Analysts had been hoping that JPMorgan, seen as one of the best-managed U.S. banks, would show signs that its credit costs were leveling off or even starting to fall.

I don't think we can take away from these results that we are any further along in the (economic) recovery than we thought we were, said David Dietze, chief investment officer at Point View Financial Services.

New York-based JPMorgan, the second-largest U.S. bank by assets, posted a quarterly profit of $3.3 billion, or 74 cents a share, compared with $702 million, or 6 cents a share, a year earlier. Analysts on average expected 61 cents a share, according to Thomson Reuters I/B/E/S.
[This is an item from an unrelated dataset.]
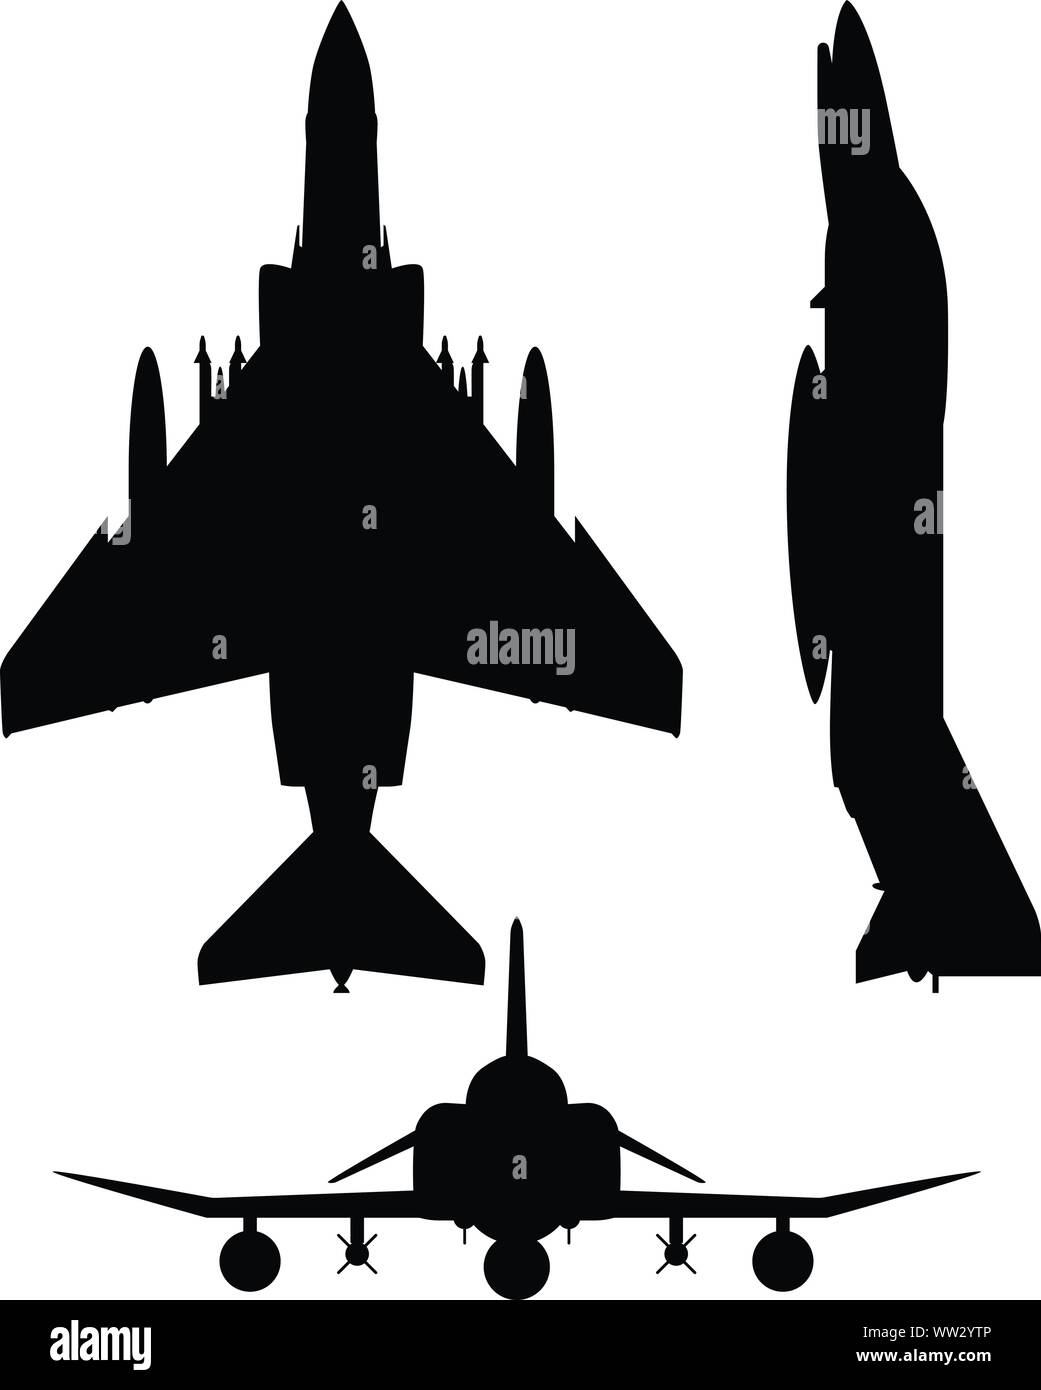 F-4 Phantom II militärischen Fighter Jet Silhouette Vector Illustration Stock Vektor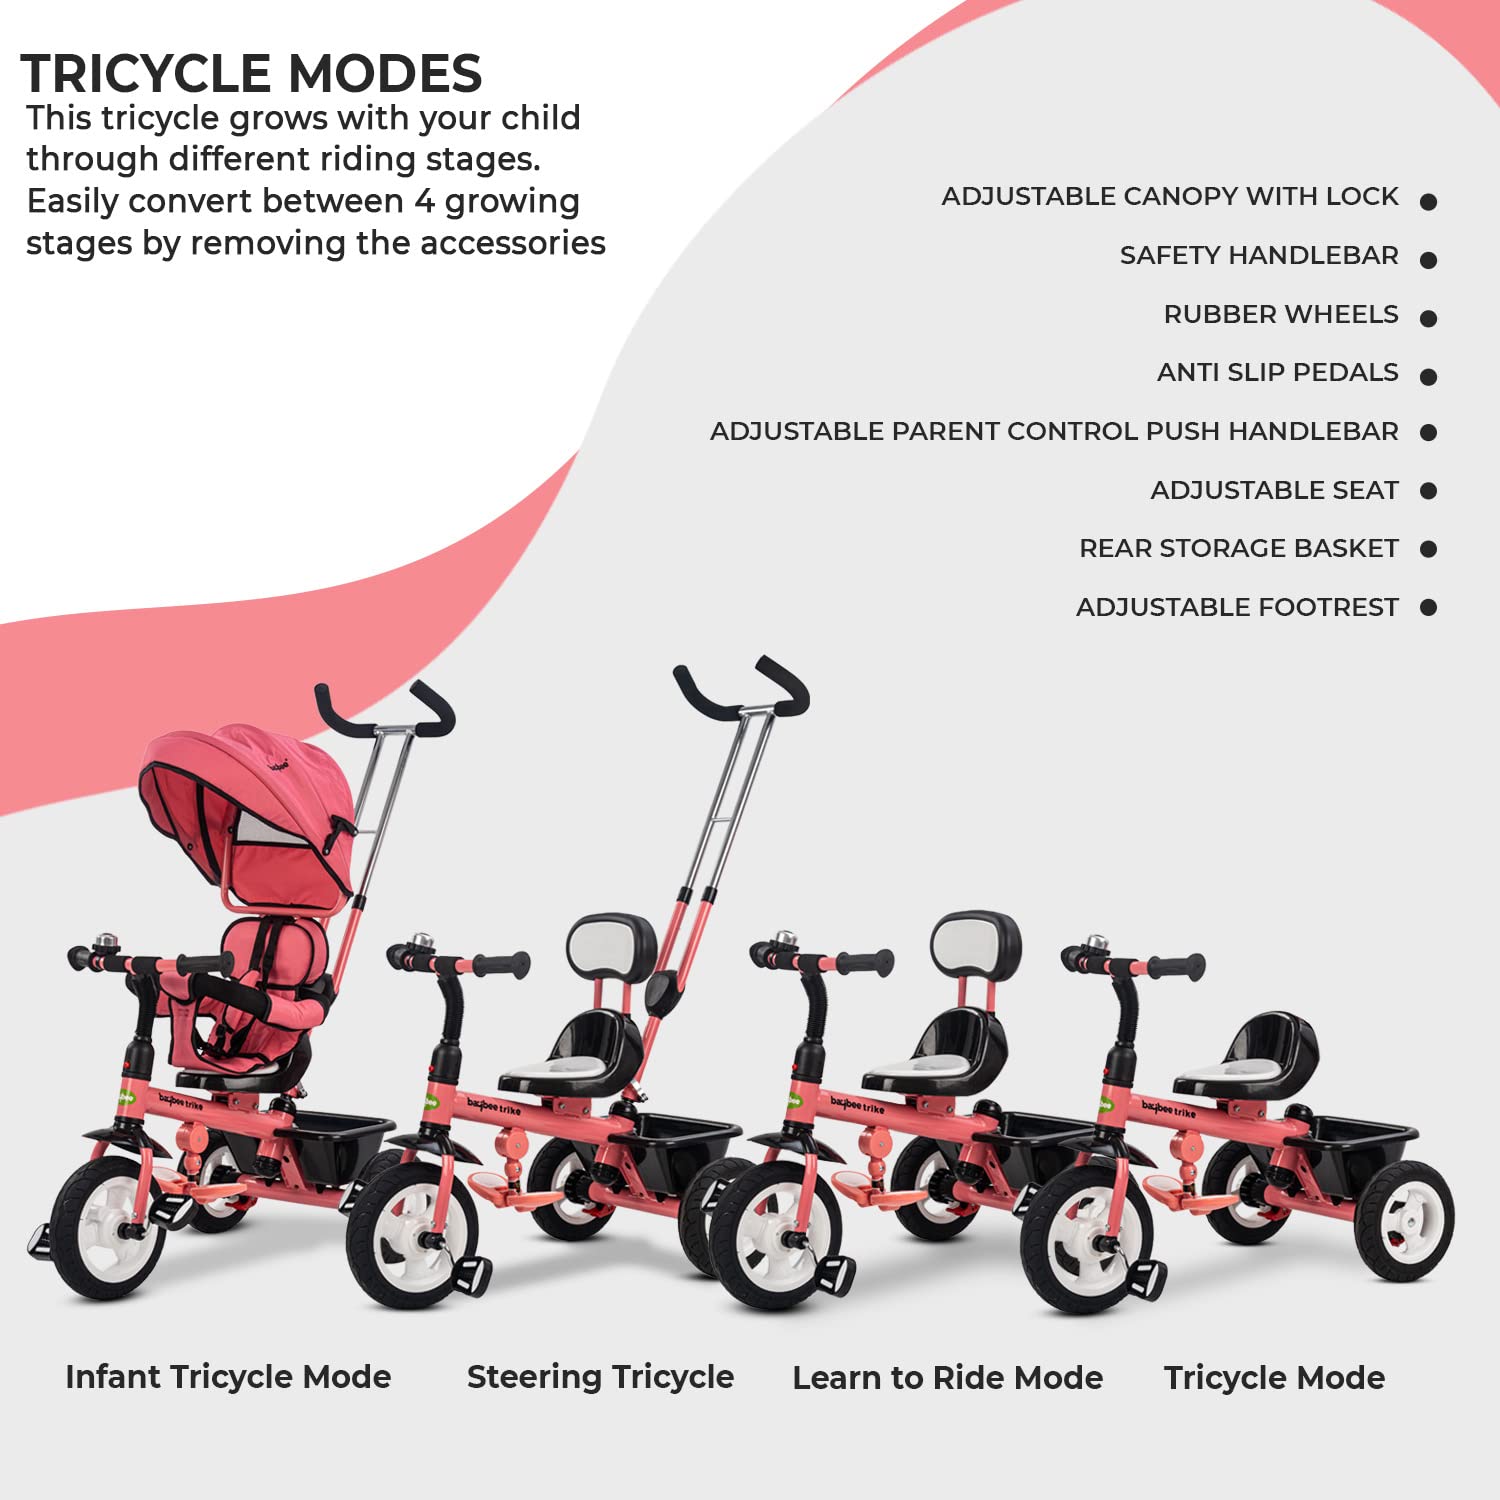 Mario Baby Sportz Trikes for Kids I Parental Adjust Push Handle I Tubeless Rubber Wheels I Foldable Canopy I 6M - 6 Years

Revenue was $25.2 billion, falling short of analysts' average forecast of $26.8 billion.

Chief Executive Jamie Dimon said in the earnings statement, While we are seeing some stability in delinquencies, consumer credit costs remain high, and weak employment and home prices persist.


The bank's large mortgage and credit card businesses have suffered rising losses in the last year, offset only by record investment banking revenue.

JPMorgan said it increased mortgage loss reserves to $4.2 billion in the fourth quarter, up $653 million from a year earlier. Loan loss reserves in its commercial banking unit increased to $494 million from $190 million.

Prime mortgage net charge-offs -- loans the bank does not expect to be repaid -- soared to $568 million, or 3.81 percent, from $195 million, or 1.2 percent, a year earlier.

JPMorgan is the bellwether, it is the best, most well-capitalized, best-managed bank, said Jamie Cox, managing partner at Harris Financial Group in Colonial Heights, Virginia. You would hope they'd be the first bank to be able to begin the process of paring down loan loss reserves.

JPMorgan is the first of the big U.S. banks to report fourth-quarter results. Its credit losses could indicate further trouble for Citigroup Inc , which reports on Tuesday, and Bank of America Corp , which reports on Wednesday. Citigroup and Bank of America also have large consumer exposure.

JPMorgan shares fell almost 2 percent to $43.86 in premarket trading. Shares of other major banks also fell.